Como siempre hay mucho que hacer y hay muchos lienzos en blanco en la ciudad, el dueño de un puesto de revistas, que antes pasaba por sombra ahora expresa el color y actitud del cluster gracias a los artistas locales Christian Z y Nukre. Siendo esto solo el inicio, pues otro fin de semana, vecinos de la colonia asistieron para decorar las jardineras que aún no tenían color, con mucha actitud a pesar de que acabaron empapados bajo la lluvia.
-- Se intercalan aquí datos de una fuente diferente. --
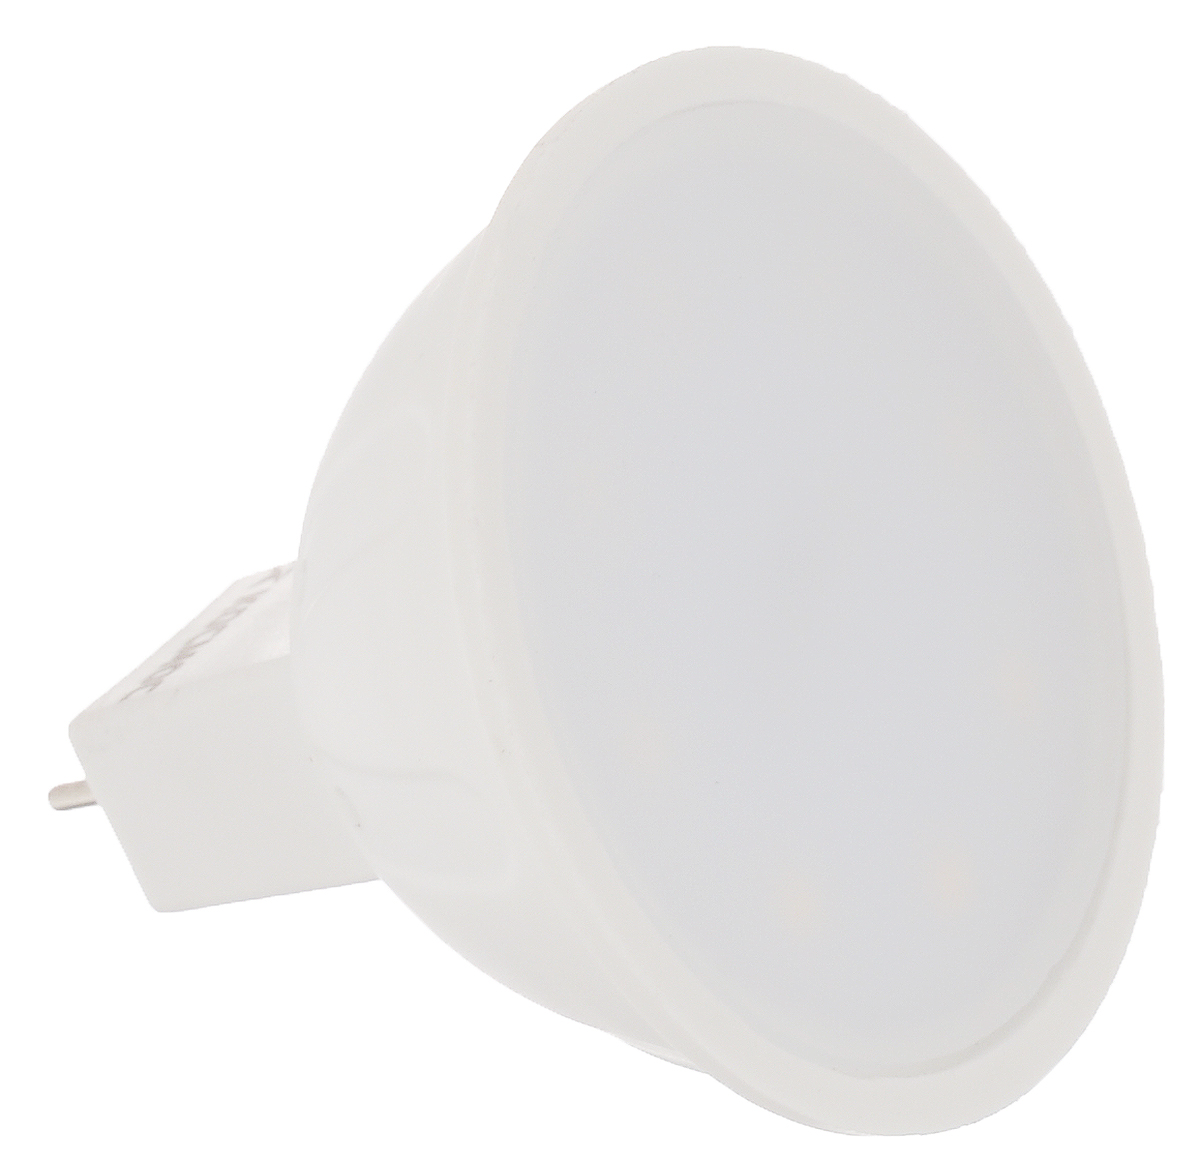 Светодиодная лампа Kosmos, белый свет, цоколь GU5.3, 5WLksm_LED5wJCDRC45Энергосберегающая лампа Kosmos - это инновационное решение, разработанное на основе новейших светодиодных технологий (LED) для эффективной замены любых видов галогенных или обыкновенных ламп накаливания во всех типах осветительных приборов. Она хорошо подойдет для создания рабочей атмосферыв производственных и общественных зданиях, спортивных и торговых залах, в офисах и учреждениях. Лампа не содержит ртути и других вредных веществ, экологически безопасна и не требует утилизации, не выделяет при работе ультрафиолетовое и инфракрасное излучение. Исполнена в пластиковом корпусе. Оснащена рефлекторным рассеивателем.Напряжение: 220-240 В. Использовать при температуре: от -40° до +50°.

Al crearse este entorno de participación social, era inevitable que hasta las personas que sólo estaban ahí en su rutina diaria, esperando el camión se hicieran presentes, pintando, columpiándose, construyendo, platicando, en fin respirando aquello que tanto nos hace falta pero poco se hace, salir a la calle a disfrutar de un buen rato de naturaleza y convivencia. Preguntaban si se repetiría cada fin de semana, dado que querían volver, con lo respuesta de que esperamos se pueda lograr un proyecto a largo plazo en este nuevo sitio de unión vecinal, como el gran ejemplo que nos presenta el Barrio de Santa Tere en su gran toma del espacio público el Día Internacional sin Auto, pintando, jugando, cantando, bailando en plena calle unidos para crear una mejor comunidad. Este día en diversos puntos de la ciudad, lxs ciudadanxs dejamos huella reclamando el respeto al peatón, a los ciclistas, una mejor educación vial y recuperación de espacios para la gente.
Otra manera muy común de tomar el espacio público es el comercio, que en muchas ocasiones ha sido criticado como algo que se ve mal, gente vendiendo en la calle, el puesto de tacos, de hamburguesas, el del tejuino quienes realmente, son vigilantes, conocen a los que pasan diario por ahi, los vecinos, son observadores silentes (excepto el de los camotes), por lo tanto se invito a emprendedores locales a presentar sus productos a los vecinos del cluster 1 en un mini-tianguis, donde hubo productos naturistas de belleza, deliciosos chocolates, mermeladas, alfajores argentinos, arandanos, bolsas, diseño independiente, entre otros, acompañados de buena música con el Dj do Santos y el apoyo de la cafetería Al Grano, quienes también buscan la manera de evocar al vecindario a mejorar su barrio.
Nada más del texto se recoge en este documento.